Simplify your customer integrations with zero-VPN access
Here’s a situation I dealt with recently: A healthmed software company with several medical clinics was coming online and desperately needed a seamless way to connect to their customers' medical office computers and databases. Everyone on the call was clear about the goal: secure, controlled access to the critical systems at these clinics without exposing them to the public internet or relying on VPN setups.
As a customer engineer, I’m on that call to paint the picture of how they can get this kind of site-to-site connectivity network up and running quickly and securely.

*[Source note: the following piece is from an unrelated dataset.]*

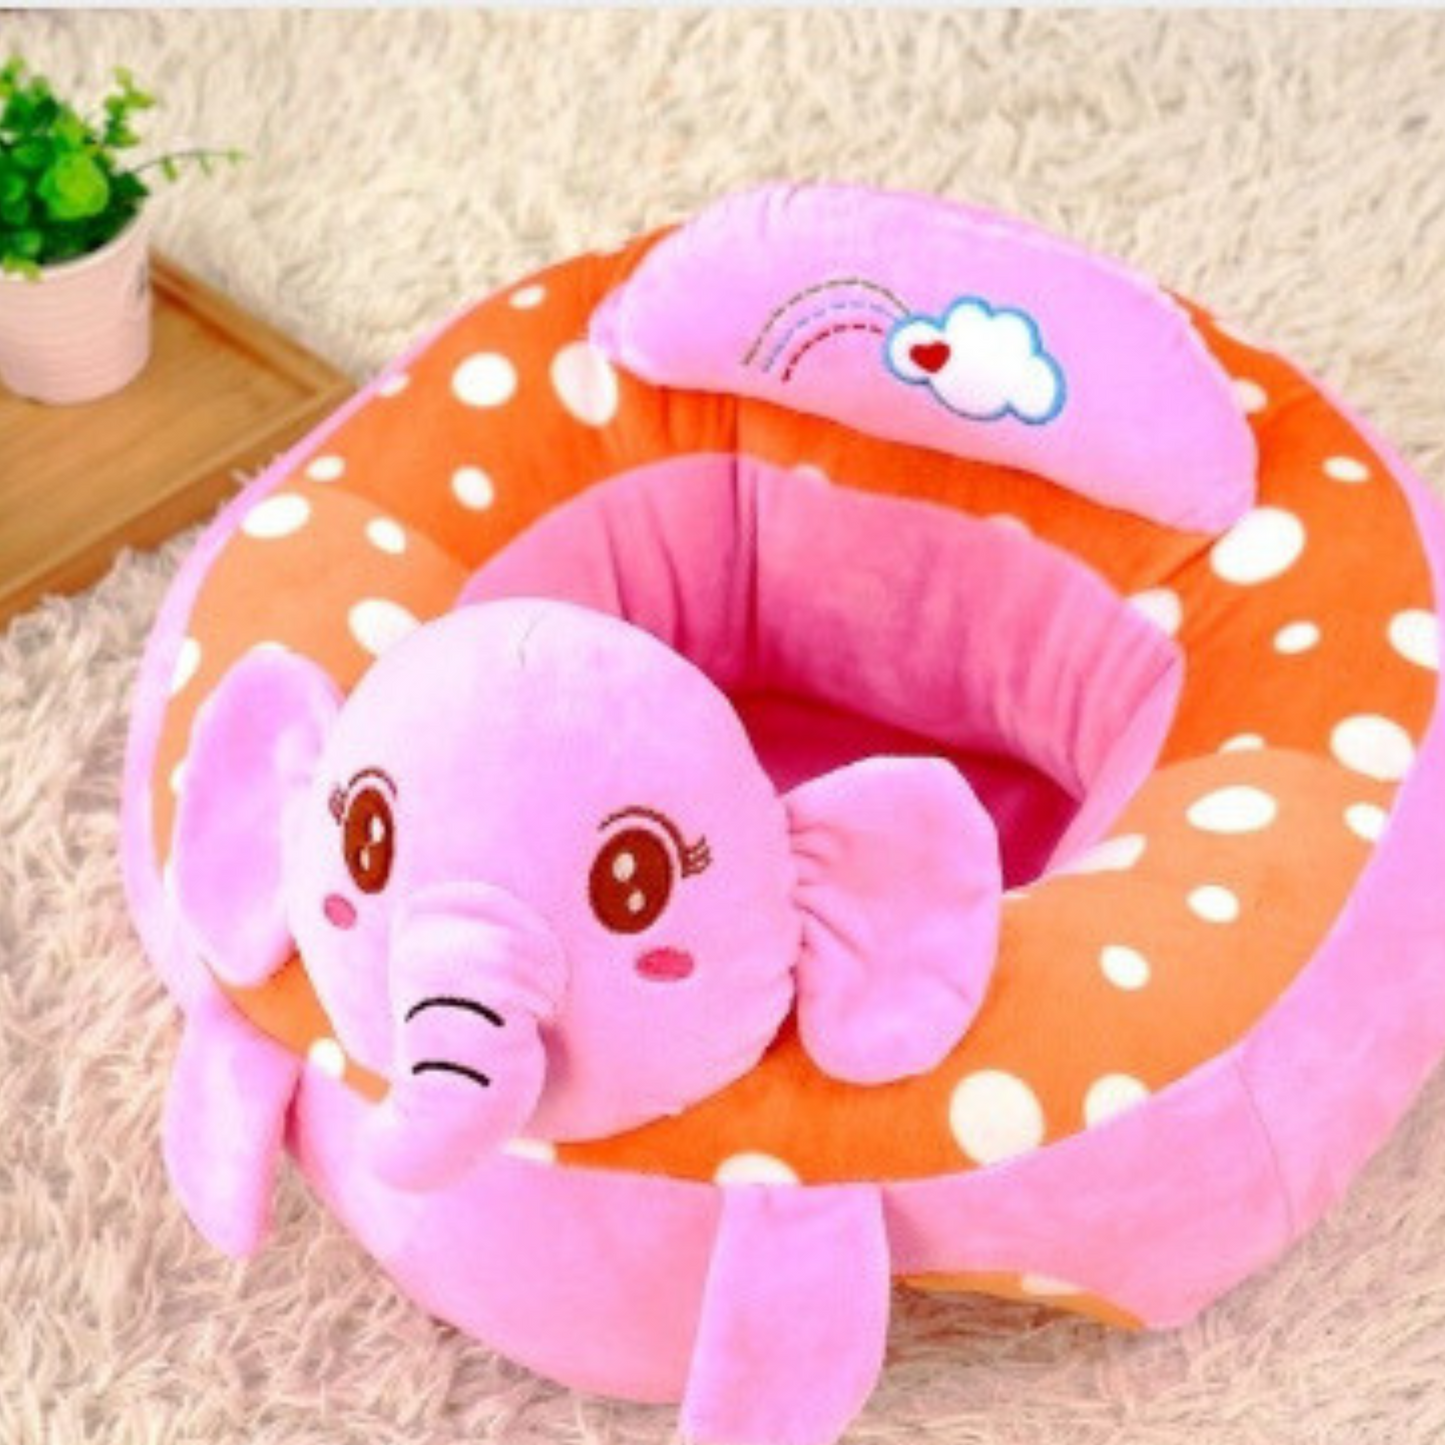 Child-friendly-learning-seat-with-playful-design

Here’s the picture I came up with:

Now, let’s go into a deep dive into why and how this works so well not just for tech-rich clinics, but any situation where you need to secure access to a customer's network.
Crafting the perfect shape for site-to-site connectivity
Every site-to-site connectivity architecture has a few shared problems:
- Customer networks block inbound connections, which means there are no public IPs to connect to.
- Technicians need temporary access to dashboards without leaving them exposed.
- APIs and databases on customer networks must remain permanently accessible from the company’s cloud.
- Access to the customer network dashboard must be authenticated via Google OAuth and secured with mTLS.
- The solution must support multiple sites without requiring complex VPNs or multiple agents per site.
In this healthmed company’s situation, they needed to access three key services on each clinic’s network:
- REST API: Streams data to/from the patient database (always accessible).
- Patient database: Stores sensitive patient data (always accessible).
- Clinical web dashboard: Used by technicians for maintenance (only accessible on demand).
By deploying a single ngrok agent per clinic, we can achieve secure, reliable, and dynamically controlled access to all systems within a customer’s network without exposing any internal machines to the public internet.
For this particular set up, I recomment a custom agent and custom agent connect URLs so that customers associate the point of connection with your brand. Connect with our team to get these set up.
Why only one ngrok agent per clinic?
Traditionally, you might assume that every device inside the clinic needs its own ngrok agent, but this is unnecessary. A single ngrok agent is installed on a network-accessible server inside the clinic, and it:
- Acts as a central gateway, able to reach any machine on the local network.
- Creates Internal Endpoints to securely expose each API, database, and dashboard only to ngrok, not the public internet.
- Uses cloud endpoints for controlled, on-demand access to the dashboard.
- Runs as a background service to automatically (re)start and log events.
- Dynamically starts and stops tunnels with the agent API as needed.
This setup minimizes security risks, simplifies deployment, and ensures continuous uptime for mission-critical services.
Understanding cloud and internal endpoints
An internal endpoint enables a service inside the clinic network to be reachable within ngrok, without being publicly exposed.
- Only cloud endpoints or internal services can route traffic to them.
- Cannot be accessed directly from the internet.
- Used for telemetry APIs, databases, and dashboards.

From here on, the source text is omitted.